Bouteflika à un sénateur américain «Le Maroc doit traiter l’Algérie de manière sérieuse»

Le Maroc aurait tout à gagner si sa frontière avec l’Algérie venait à être rouverte, nous apprend un câble diplomatique révélé par WikiLeaks, publié sur le site internet d’El Pais.

Et pour cause, «les régions nord-est de ce pays dépendent des échanges commerciaux avec l’Oranie», déclare le président Abdelaziz Bouteflika à Richard Lugar, président de la commission des affaires étrangères au Sénat américain.

La rencontre a eu lieu le 18 août 2005 et les deux hommes ont abordé le dossier du Sahara occidental ainsi que les relations algéro-marocaines, plus tumultueuses que jamais. Pourtant, même si les relations officielles sont au plus bas, les échanges entre les populations frontalières n’ont jamais vraiment cessé.

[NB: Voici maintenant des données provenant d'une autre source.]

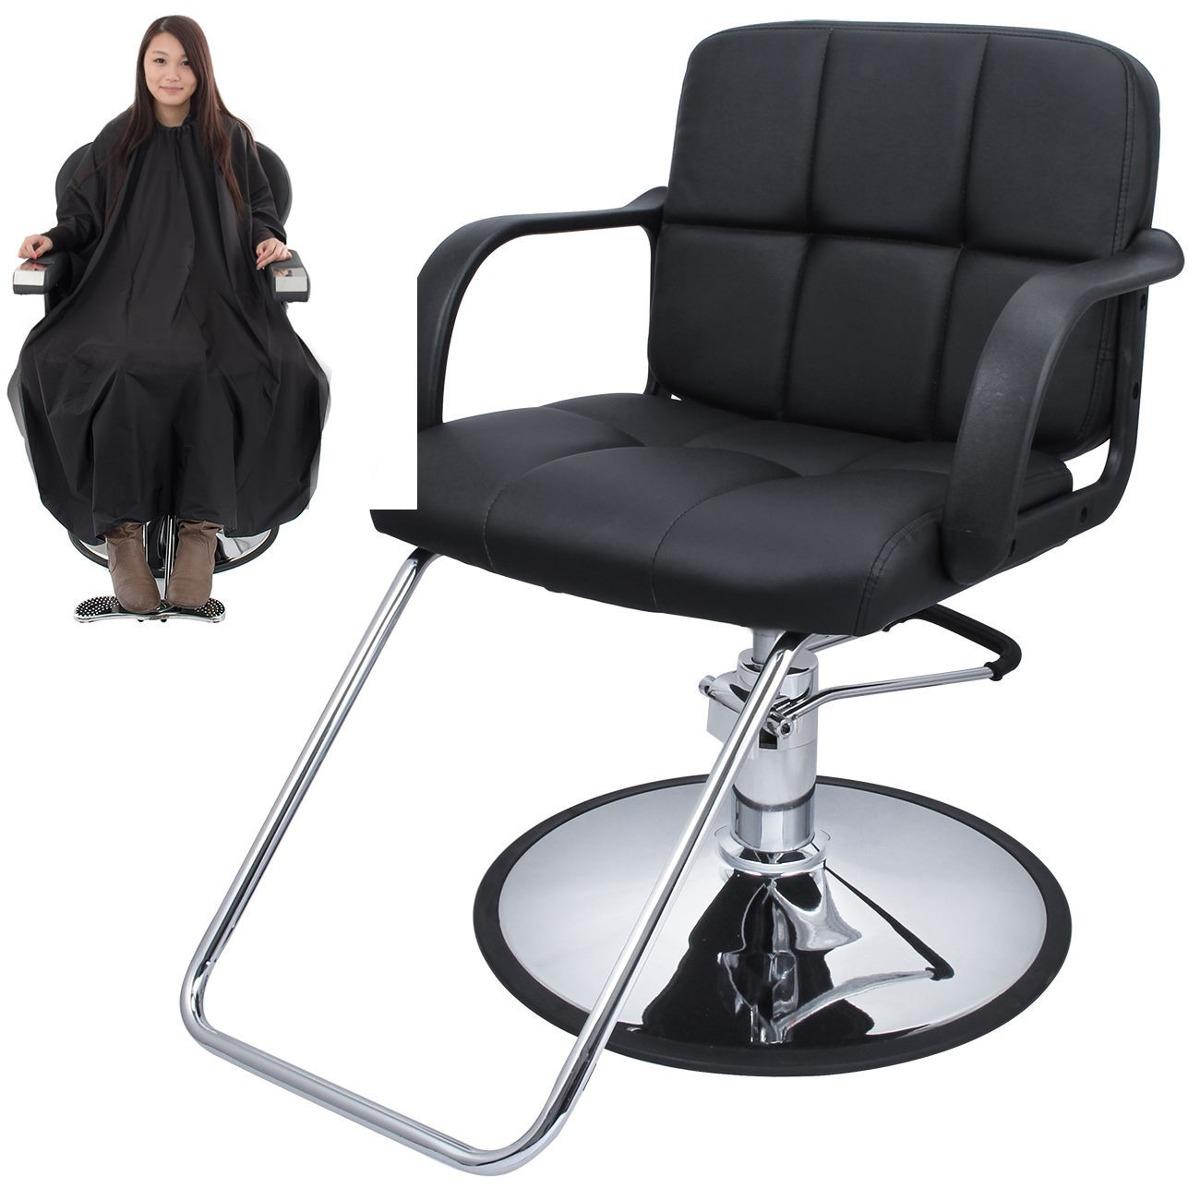 Silla Giratoria Hidraulica Salon Estetica Barberia Cabello   357400 en Mercado Libre

«Même avec cette fermeture, le Maroc engrange annuellement trois milliards d’euros, et ce, grâce à la contrebande», confie Bouteflika. Et si c’est le Président qui l’affirme, l’on ne peut que le croire, puisqu’il insiste auprès de son interlocuteur sur le fait qu’il soit né au Maroc et qu’il connaît parfaitement ce pays. Les deux «frères ennemis» ont ainsi des «raisons et des intérêts objectifs à instaurer de meilleures relations», reconnaît-il. Mais pas à n’importe quel prix. «Si les Marocains veulent discuter d’une normalisation des relations avec nous, ils sont dans l’obligation de traiter l’Algérie de manière sérieuse», objecte toutefois Bouteflika. Car le Président fulmine encore contre le roi Mohammed VI et ne peut accepter ses «comportements infantiles».

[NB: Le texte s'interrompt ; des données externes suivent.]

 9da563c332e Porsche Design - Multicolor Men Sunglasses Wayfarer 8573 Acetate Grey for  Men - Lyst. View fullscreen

Et si certains hommes politiques, comme Chirac ou Bush, lui ont fait remarquer que le roi n’était qu’un jeune enfant et que lui était un vétéran rompu à la diplomatie, le Président réplique  «Je ne suis pas Jésus-Christ et je ne tendrai pas l’autre joue.» Nostalgique de Baker et de son plan «qui représentent toutes les valeurs américaines que l’on admire», Bouteflika affirme à ses invités américains que l’Algérie accepterait les résultats d’un référendum, quels qu’ils soient. Ce qui ne signifie pas «fermer les yeux sur les entourloupes marocaines». «Le référendum est une boîte de Pandore», mais l’Algérie défendra jusqu’au bout le droit du peuple sahraoui à l’autodétermination, «même si nous devions être le dernier pays membre de l’ONU à le faire», souligne le Président.